A Sydney councilor is encouraging residents to share their views on Beacon Wharf’s future so that there can be a deadline for comment.
Who Terry O’Keefe said he has heard from residents who think the council has already decided to replace Beacon Wharf with Floating Wharf under a public-private partnership with the Marker Group. “So some people may get frustrated and ask, ‘What’s the point of giving an opinion?’
But it’s not, he said. It is really important to provide this opinion to the citizens and I think the council is open minded about it. This is a very important project for the community. We need to hear from them what they like and don’t like.
O’Keefe made the comments because residents have until October 15 to respond to a poll asking for feedback on Beacon Wharf’s future. The survey is part of the municipality’s public engagement process and looks forward to the future of the wharf. Members of the public also had the opportunity to participate in two public engagement sessions last month, and they also gave feedback to individual members of the municipality and council.
The municipality has offered the public two government options: removing the structure without a replacement or replacing it with a pontoon that was once part of a floating bridge in Washington State.
The information released by the municipality describes the latter option as a public-private partnership that will see the Marker Group turn the pontoon into a floating pier, with a two-story building with a restaurant and two. There will be commercial spaces (reserved for one municipality) on the main floor and eight hotel units above.

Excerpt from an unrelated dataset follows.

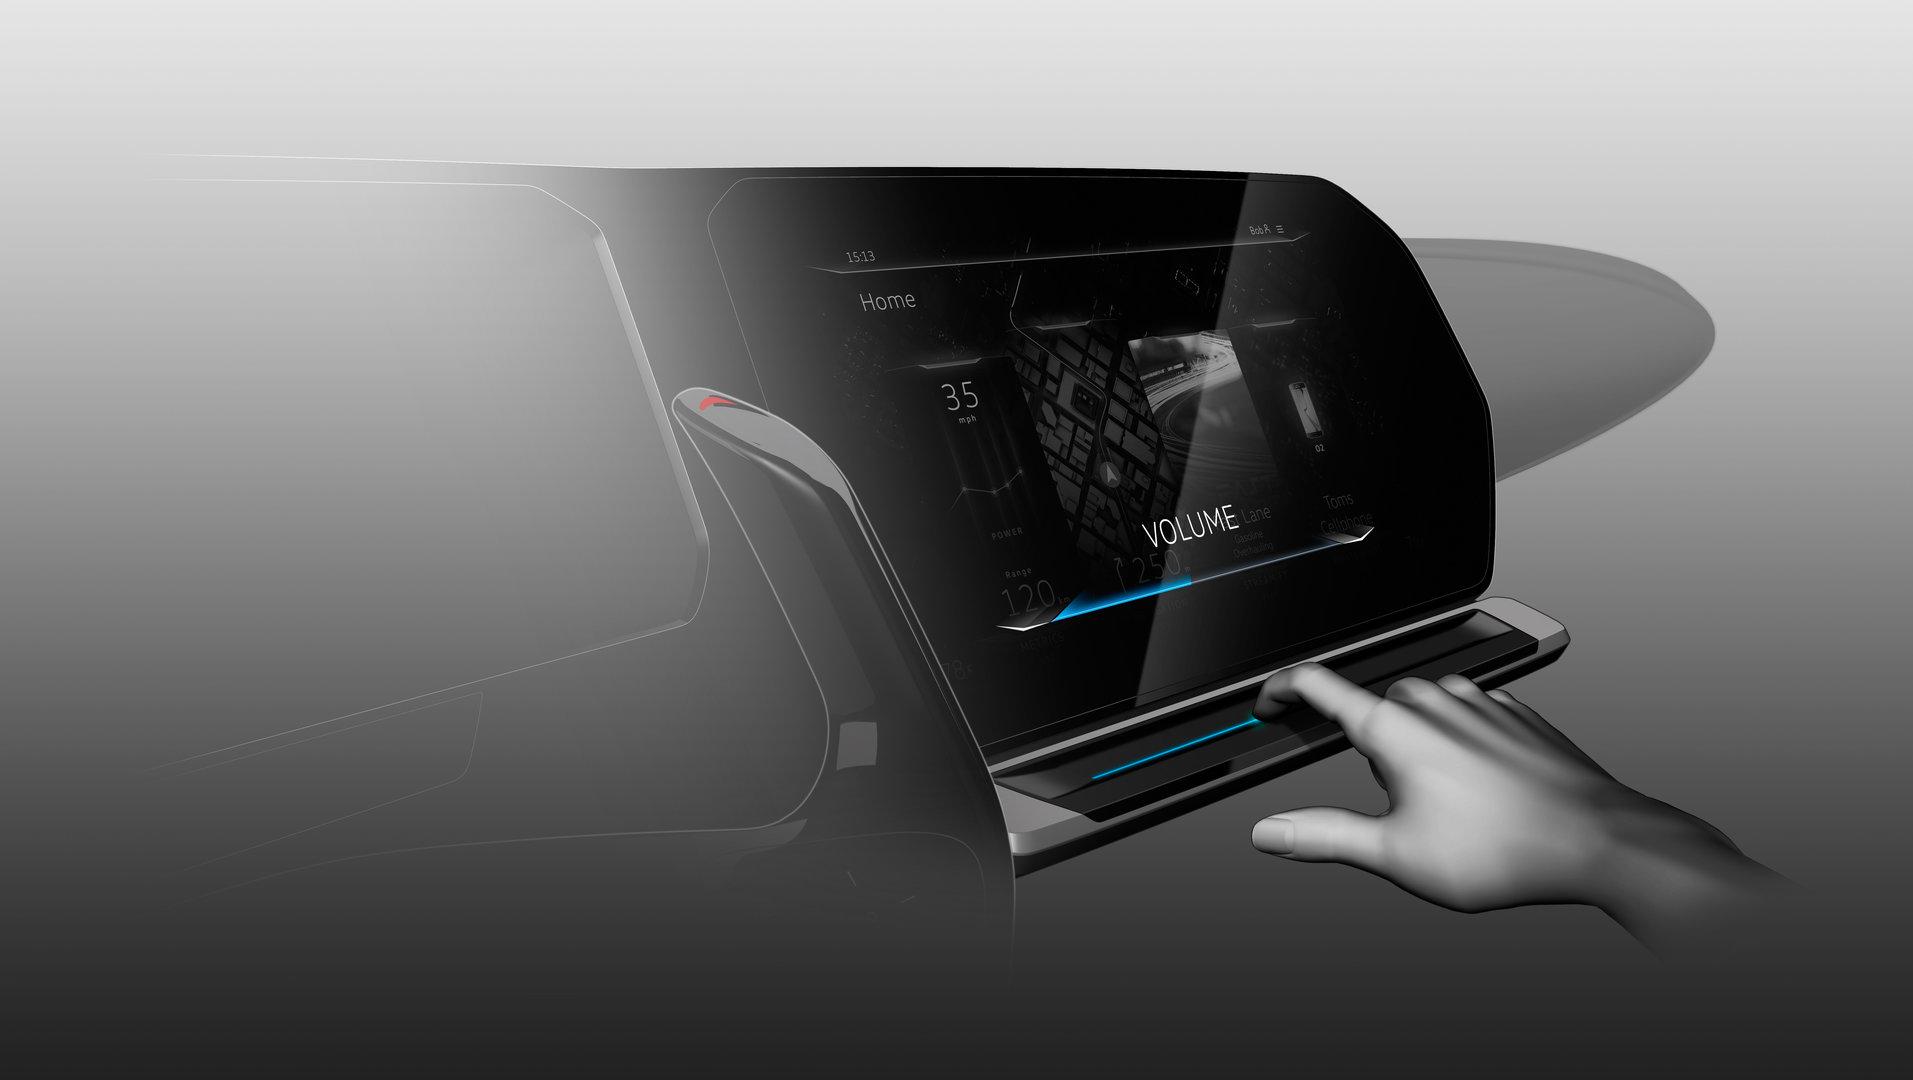 Touchslider-Bedienung mit Farben und haptischem Feedback

O’Keeffe, with Coun. Barbara Fallout formally voted against limiting the public consultation process to two options. Proponents of her case have been working to make the actual transcript of this statement available online. Proponents of her case have been working to make the actual transcript of this statement available online.
When asked about his impressions of the engagement process, O’Keefe said it was difficult to know where the public stood. “We haven’t seen all the feedback yet,” he said. There is not much support from the public, which I have seen so far. “
O’Keefe said she personally opposes the Ponton option, but reserves the right to decide for the future. “After what we do next, I’m still not sure because I want to see what the people will bring back.”
O’Keefe said what the committee overseeing the future of the wharf did, which he called “a beautiful work,” explaining why there were some challenges with the wreckage or pile structure. “So the floating option may be the best option, but we didn’t consider other suggestions.”
Ultimately, he said, the council has a responsibility for the public to look at other options, while easily recognizing the economic, environmental and emotional aspects of finding a solution.
Who Peter van Wright, one of the committee’s three council members, agreed with O’Keeffe’s statement that the town did not ask for other suggestions. “We found out that this floating pontoon is available for sale and we contacted Marker and confirmed that it is still available (and) find out more about it,” he said. Or find suggestions.
After the discussion, the group expressed interest in making a proposal, he said, which was approved by the committee. While considering submitting a request for suggestions, the committee was reminded that Town had done so in the past, but only one was submitted by the Marker Group. “And the situation has not changed in terms of the possibility of anyone else proposing.”
Van Wright added that the option to go to tender is still open, but it will include important temporary commitments.
Regarding O’Keeffe’s comments about looking at other options, Wainwright said the two options before the public were the survivors of several options under the committee’s consideration. “It’s not like there are only two options and we definitely considered more than two,” he said.
Although Wynne Wright has not seen all of the feedback, what he has seen so far suggests that about one-third support, about one-third the floating option, and about one-third something else. Should. “And we need more than 50 percent for the same thing,” he said.